### Record excerpts

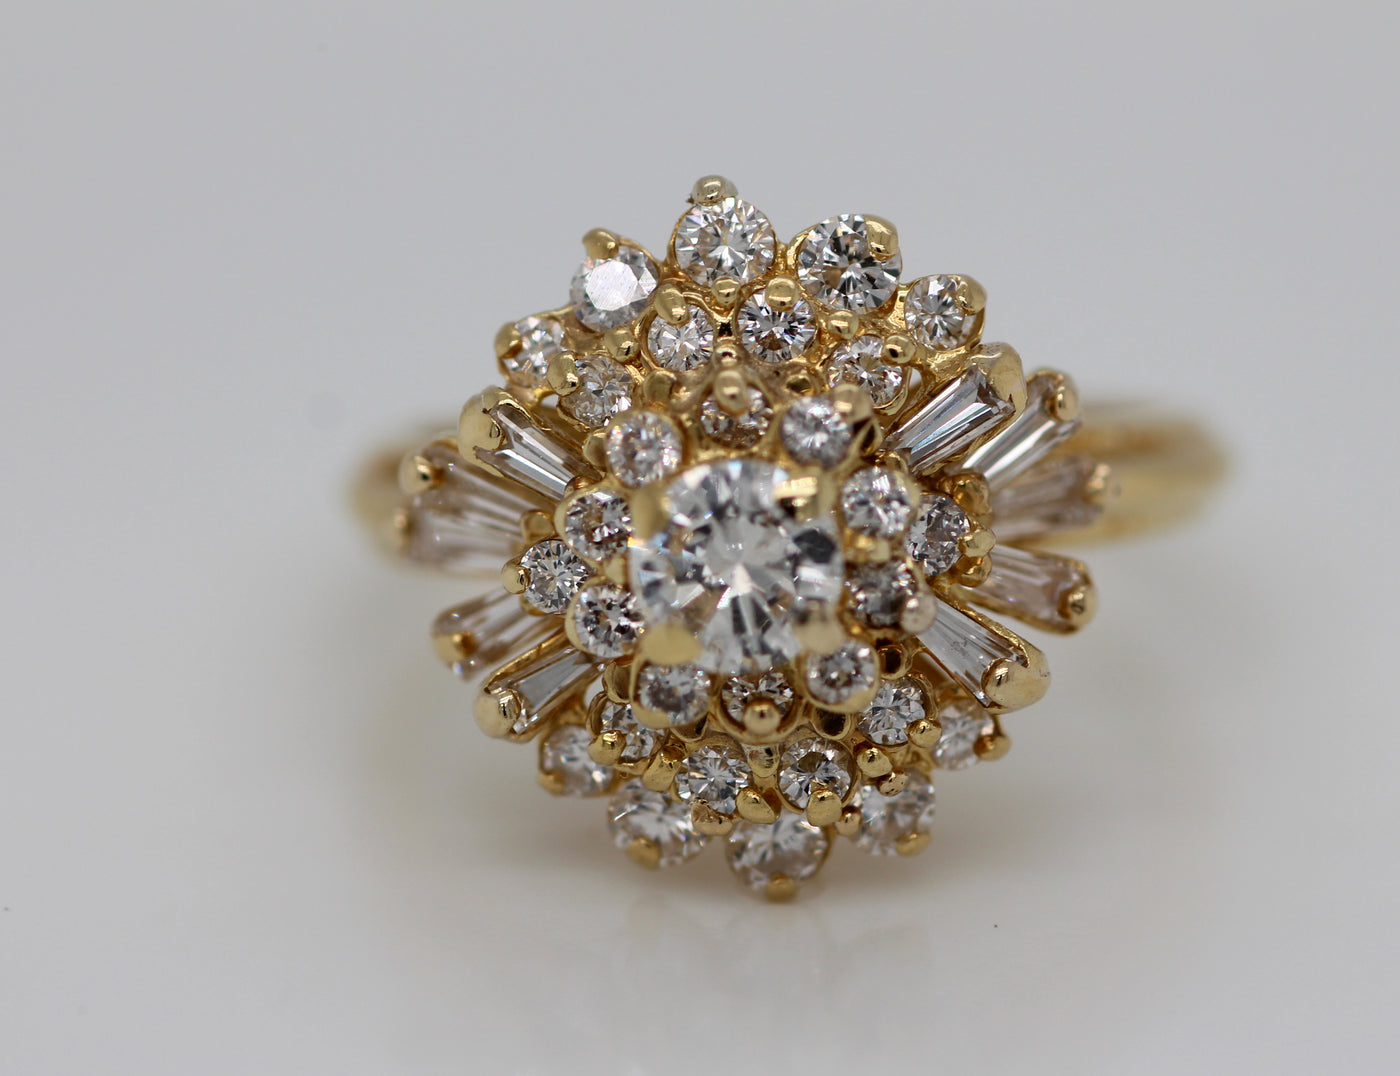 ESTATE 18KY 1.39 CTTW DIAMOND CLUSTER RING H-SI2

==

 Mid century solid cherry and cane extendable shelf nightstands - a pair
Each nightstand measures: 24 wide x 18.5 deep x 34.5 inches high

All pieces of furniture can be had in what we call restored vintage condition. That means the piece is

==

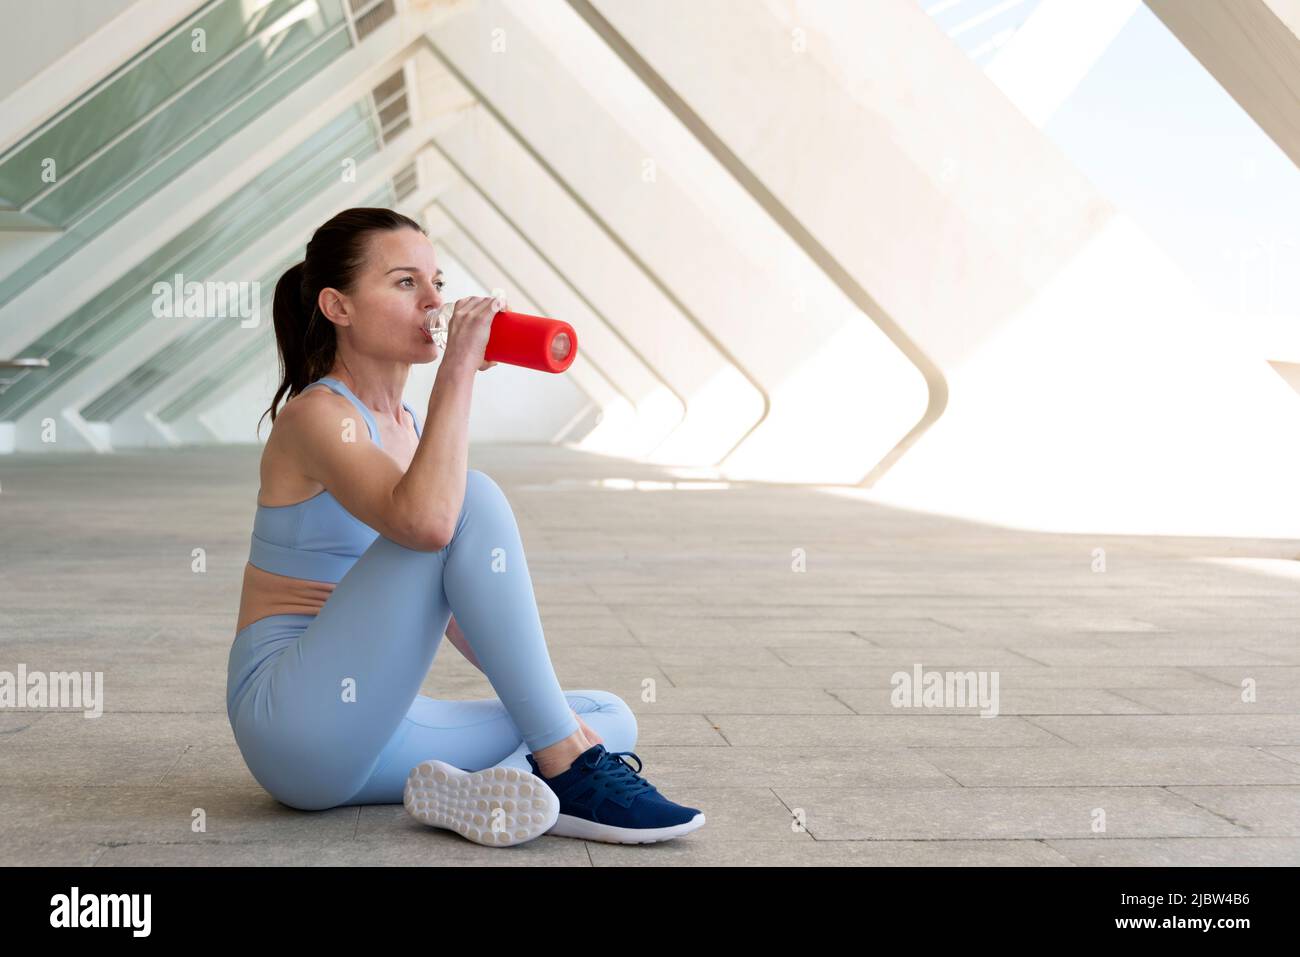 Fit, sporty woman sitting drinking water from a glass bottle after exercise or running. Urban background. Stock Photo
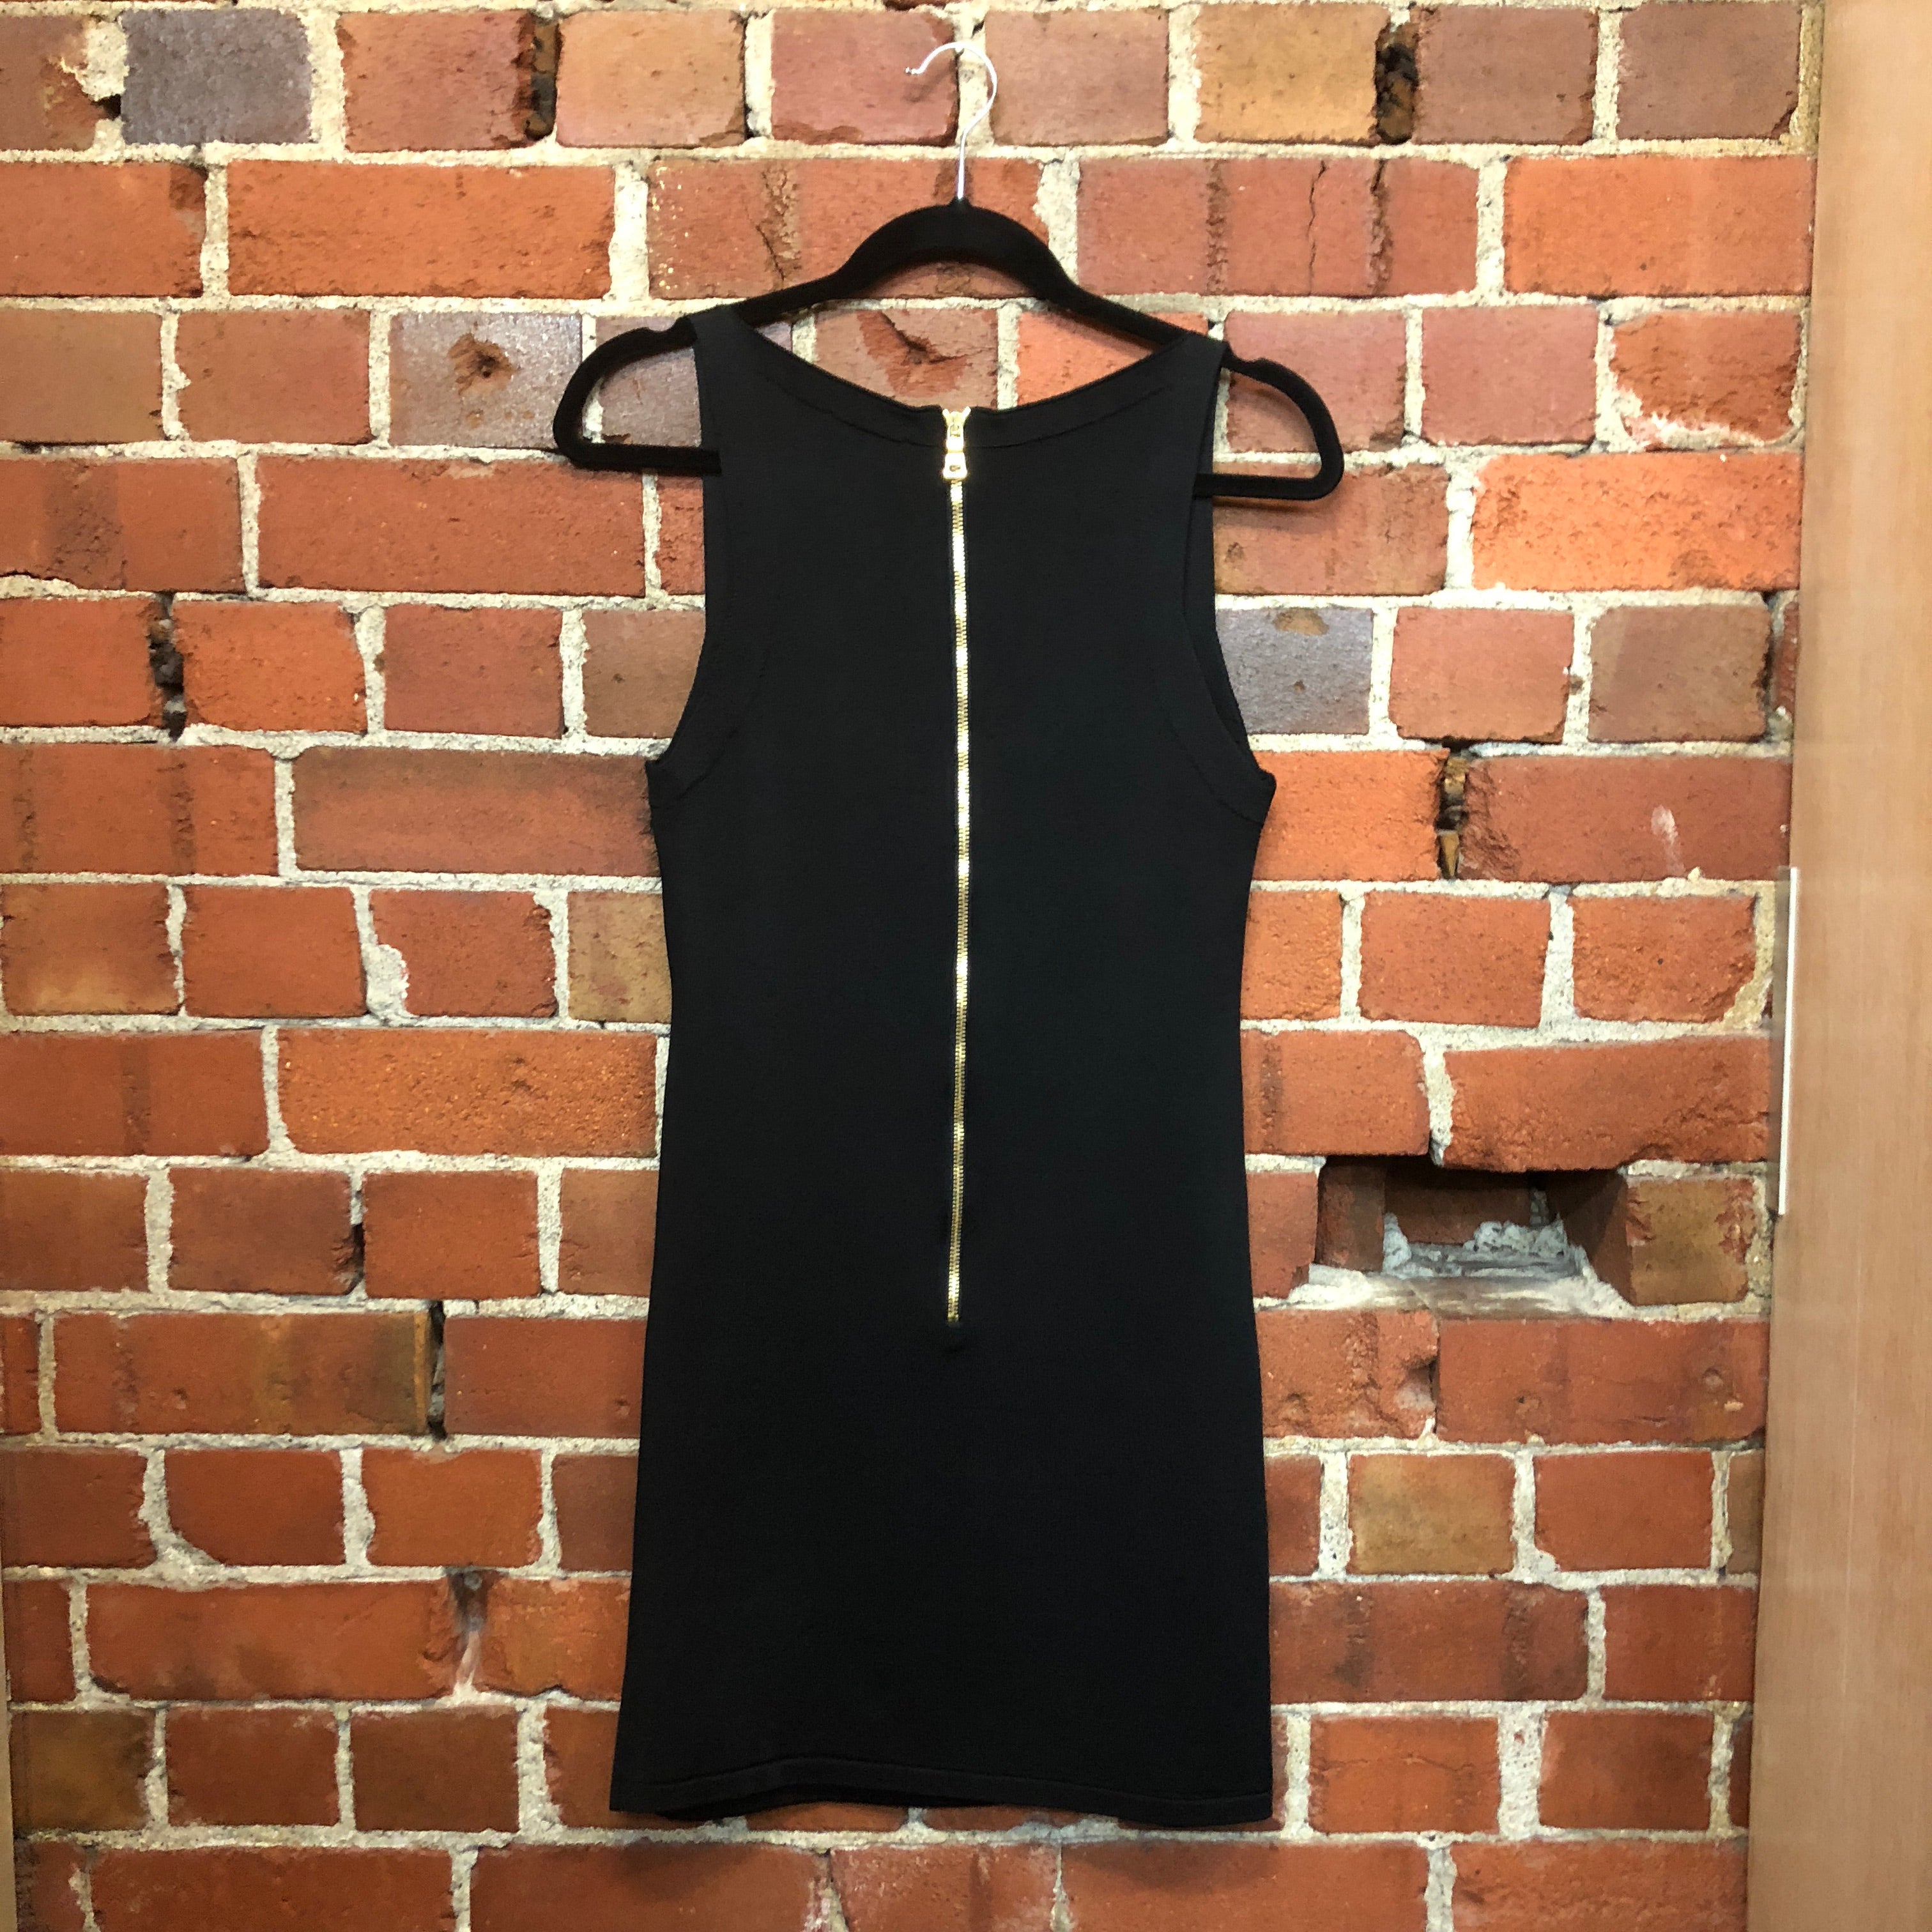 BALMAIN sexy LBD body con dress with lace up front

### What is expected
The response should be the listing above, limited to the lines between the one holding "Mid century solid" and the one holding "All pieces of", inclusive, reproduced exactly.

### Solution to this problem
 Mid century solid cherry and cane extendable shelf nightstands - a pair
Each nightstand measures: 24 wide x 18.5 deep x 34.5 inches high

All pieces of furniture can be had in what we call restored vintage condition. That means the piece is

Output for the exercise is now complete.